**WHAT TO PRODUCE**
The full listing, exactly as written and with no images, is the expected output.

**DATASET CONTENT**
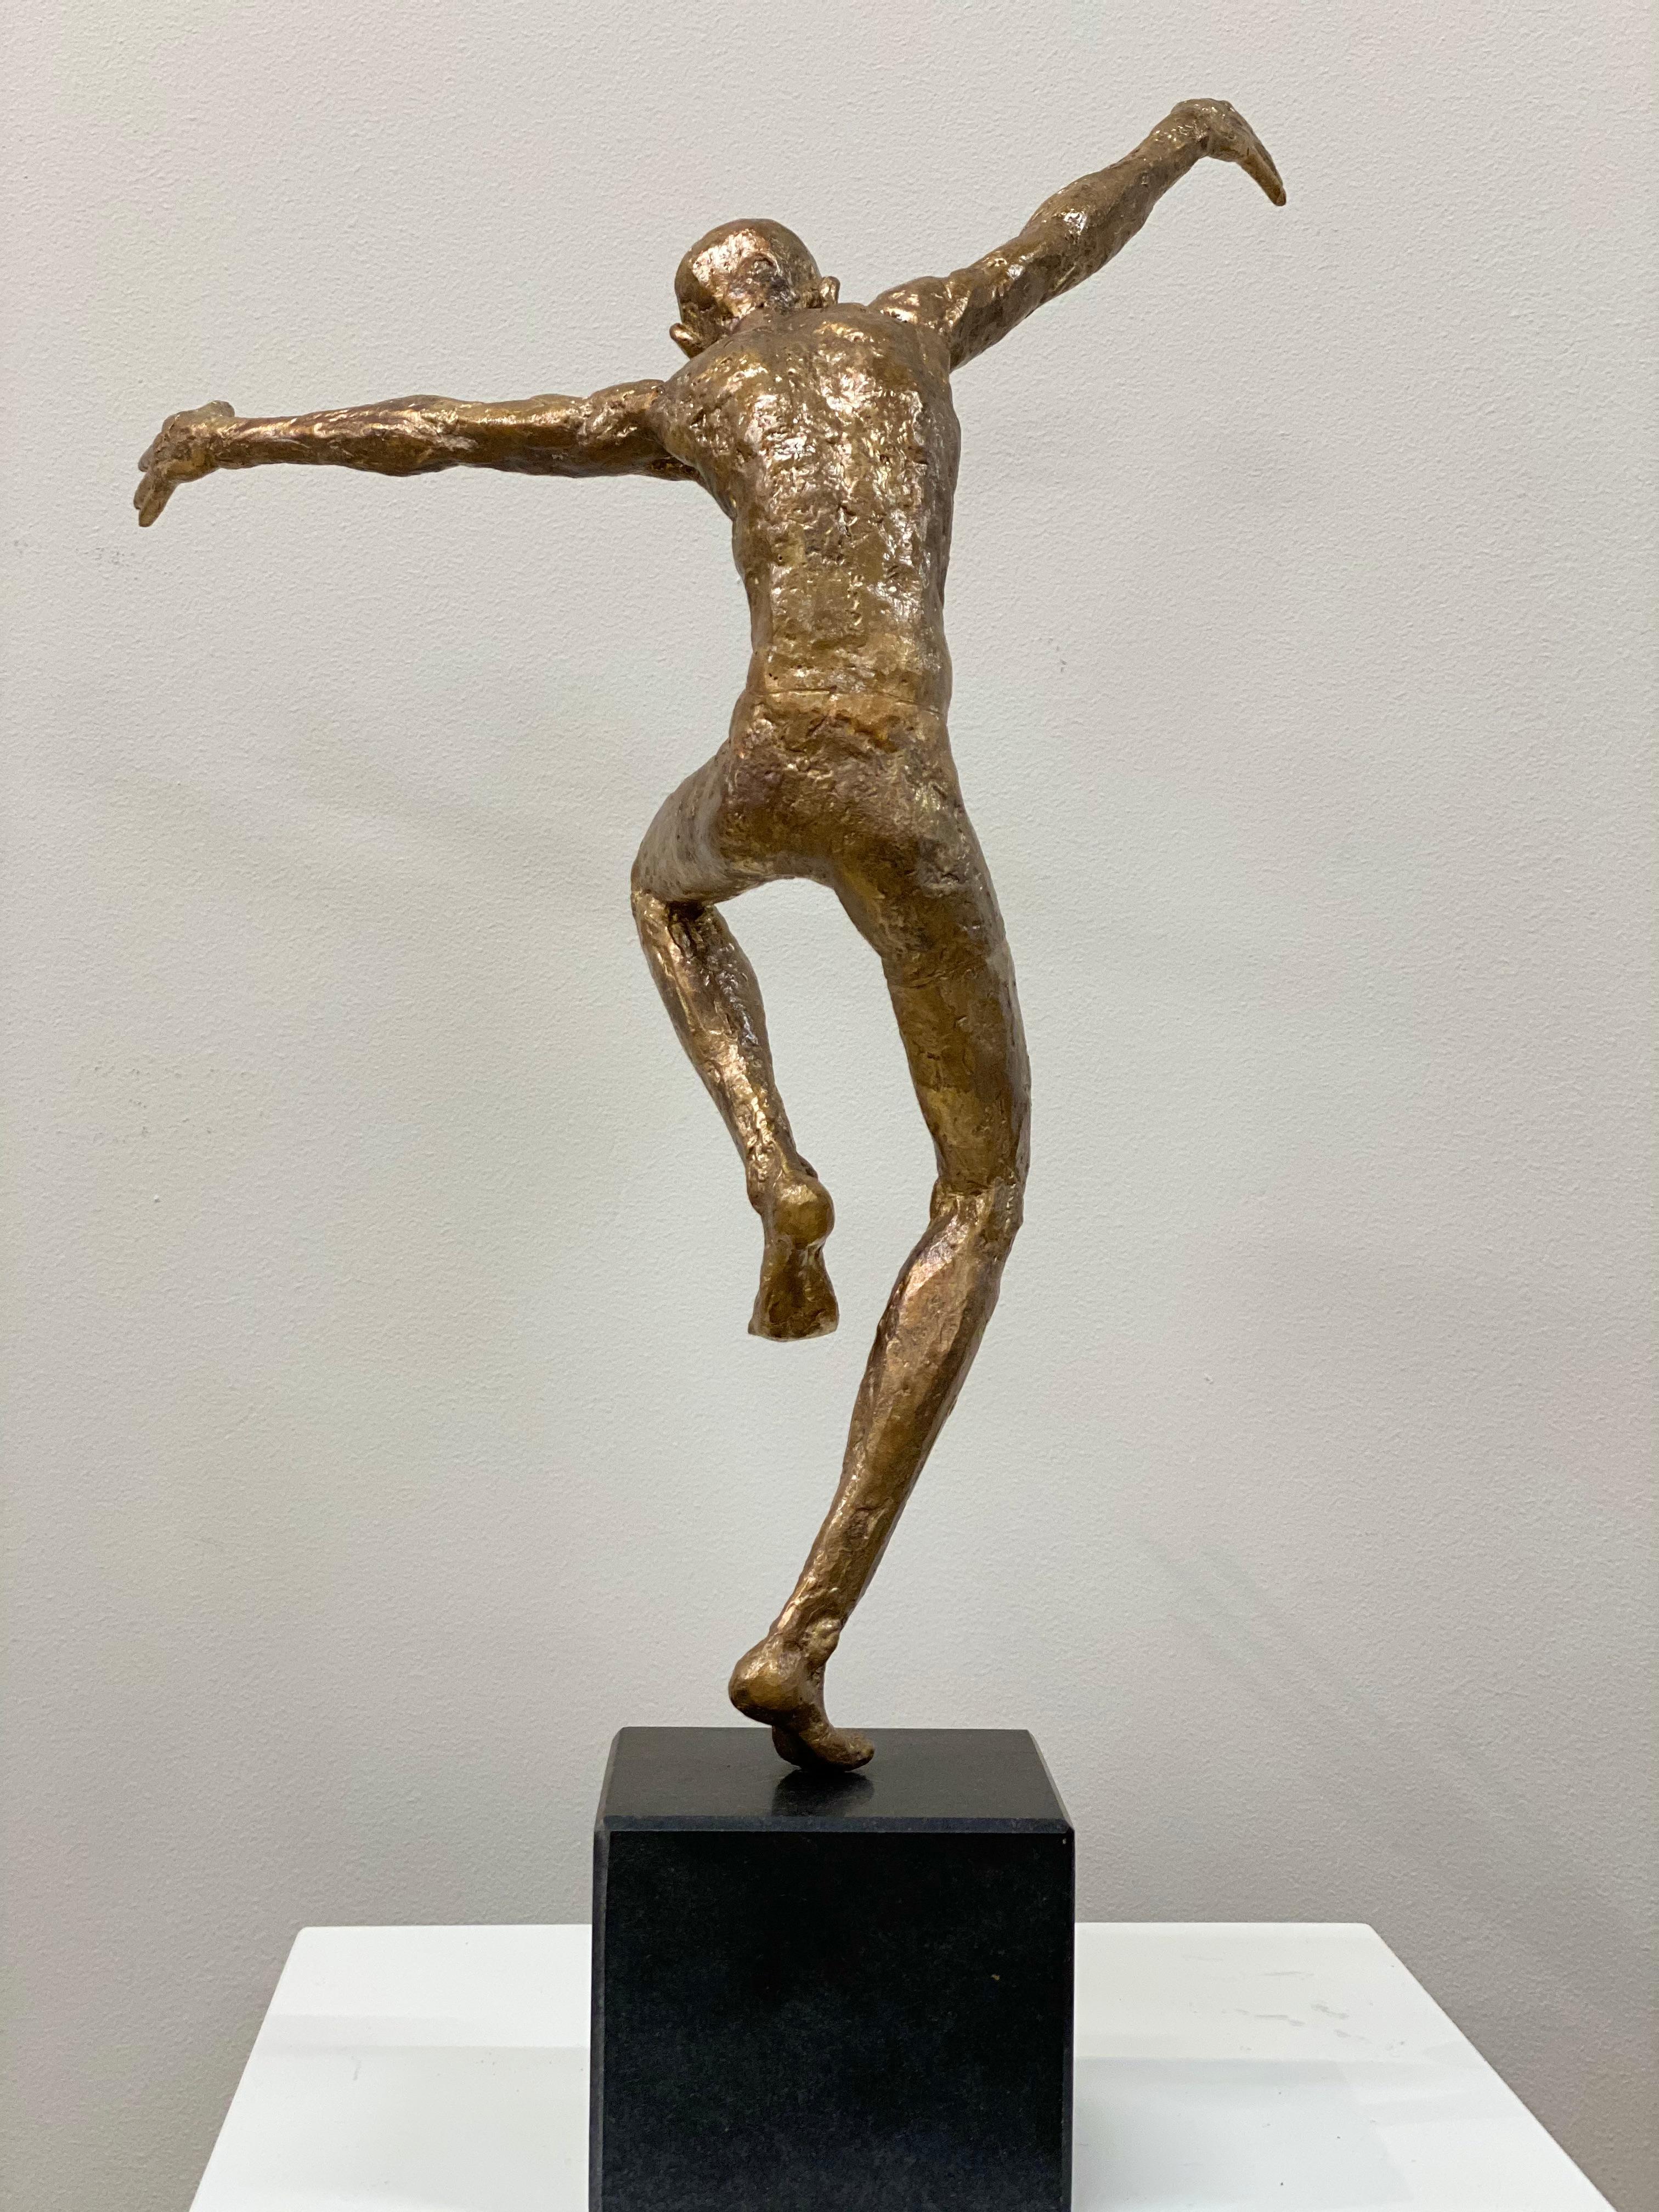 Cette sculpture est réalisée en bronze, par l'artiste néerlandais Martijn Soontiens.   La sculpture repose sur une base en pierre naturelle. 

Ses sculptures masculines dansantes ont pour thème le déplacement et le mouvement. 

L'artiste Martijn

**EXERCISE SOLUTION**
 Cette sculpture est réalisée en bronze, par l'artiste néerlandais Martijn Soontiens.   La sculpture repose sur une base en pierre naturelle. 

Ses sculptures masculines dansantes ont pour thème le déplacement et le mouvement. 

L'artiste Martijn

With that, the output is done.